Relationships are wonderful but can have their own unique challenges. One of those obstacles that is prevalent in many committed relationships is losing your identity. This sometimes happens when people have been married or living together for a couple of years.
When people first get married or start living together, they are excited about their new life as a couple. They do most everything together, have mutual friends and start creating standards for their household. At some point, one or both starts to feel confined. That’s because they stop doing things they used to enjoy, or stopping getting together with their single friends who used to mean so much to them, or just get so wrapped up in the busyness of life they forget to fulfill their own needs.
This is more common than you think. People get into habits and eventually those habits can lead to a rut or a stale relationship.
This can be dangerous territory for a relationship because one could start blaming their partner. The partner may not even realize there is an issue. Discontent could lead to resentment and, eventually, contempt that will destroy the relationship.
To break the rut cycle, you need to rediscover your own identity and grow as a person. Not only will you find that you are more fulfilled in doing this, but you will also see that you become the person your partner loved when you first met.
There are ways to avoid these types of pitfalls of identity crisis and stale relationships. Specifically, there are five things you can do to regain your identity and remain happy in your relationship.
- See your old friends without your partner. Whether its a shopping day, spa time, bowling night or watching football at a friends house, getting together with those who always have meant something to you is important to both you and them. Allow your spouse or partner to do the same.
This will mean a lot to your friends too. That is especially true for the single friends, who may feel left out of your life since you entered your relationship. Just remember there are new boundaries to set with your friends that you must put into place to protect your partner’s feelings. Those boundaries depend on the individual but typically involve courtesies like letting them know where you’re going, who you are meeting and when you’ll return.
- Complete a long-term project. There may have been something that inspired you once that you have put aside. Pick it back up. Make time for it. You will be surprised how much working on a project regularly will pick up your mood. It will always create a sense of pride in yourself, particularly if it is something new you are learning. You will be proud of your accomplishments and your partner will love seeing you inspired.
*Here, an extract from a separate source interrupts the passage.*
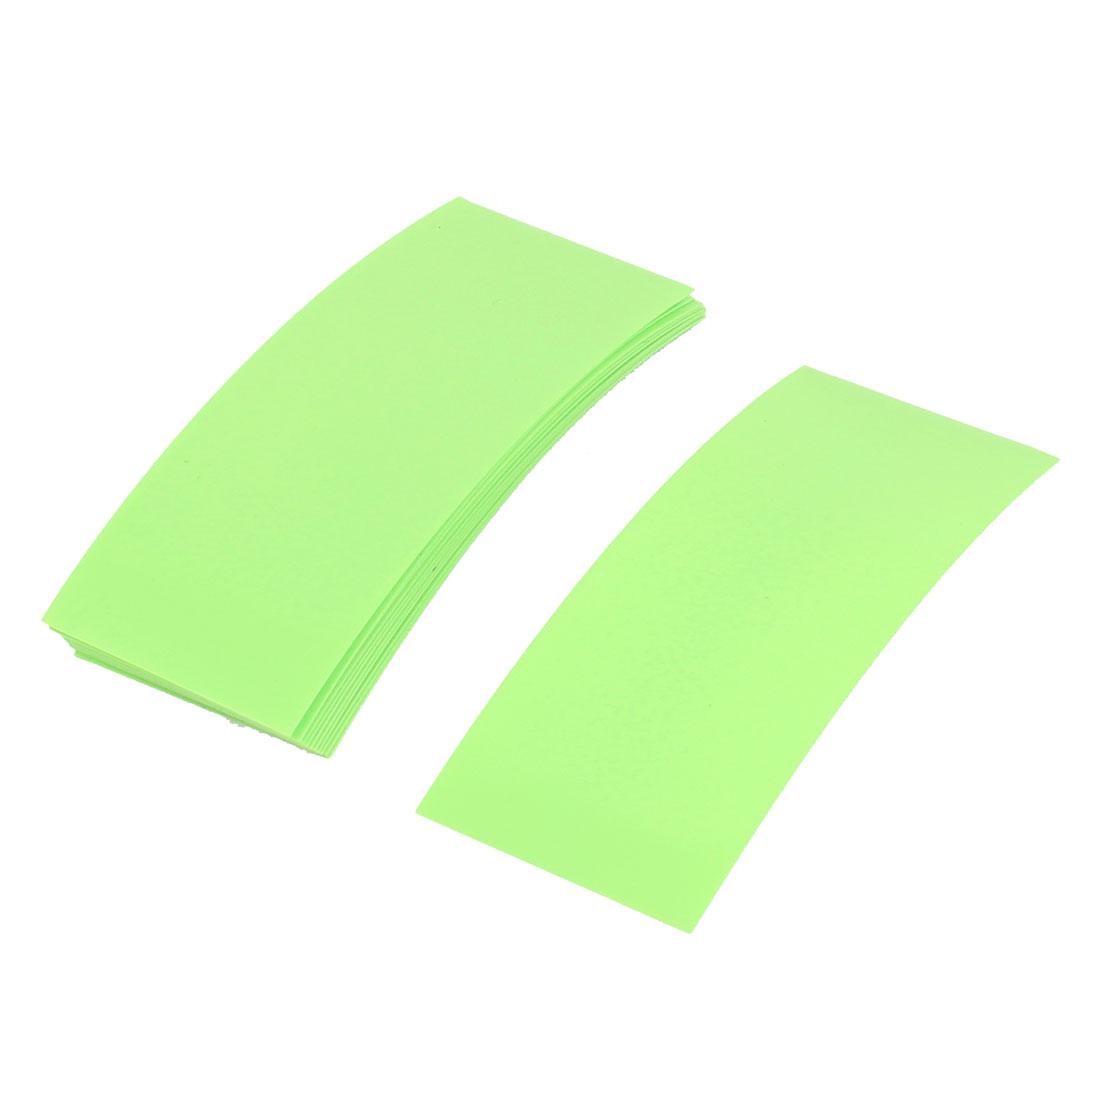 10pcs 72mm x 18.5mm PVC Heat Shrink Tubing Fruit Green for 1 x 18650 Battery

- Get away by yourself. Sometimes, you just need a break. That is especially true once children enter your life. It’s okay to take short breaks apart. Sometimes, it works best to take a solo trip if you want to do something, like scuba diving, that your partner has no interest in. Whether its a day trip to hike or a weekend getaway, brief time apart can relieve relationship stress. Plus, you will find that you miss each other.
Again, be sure to establish boundaries on the getaway and let your partner know those boundaries so they understand you both value and seek to protect the relationship. Call your partner occasionally throughout the trip to let them know you are thinking of them.
- Discover yourself. You are always growing and changing. It is good to figure out what is changing about yourself. You should try something new, take a seminar, read more or perhaps meditate.
Once you start finding out new things about yourself, your partner may find you more fascinating with all these new elements and depth to you.
- Develop a new skill or hobby. Learning new things is always fun and is an extension of learning more about yourself. Take a class in something you always wanted to try. Get into a group of hobbyists where you can meet others.
Be sure to share your new hobby with your partner and encourage them to have their own interests as well.
Remember, you can’t change your spouse or partner. Although you can encourage them, they need to rediscover their identity on their own. You need to work on you. Making some small adjustments in your relationship to allow time for yourself will go a long way to making you happier. That will affect your relationship in a positive way.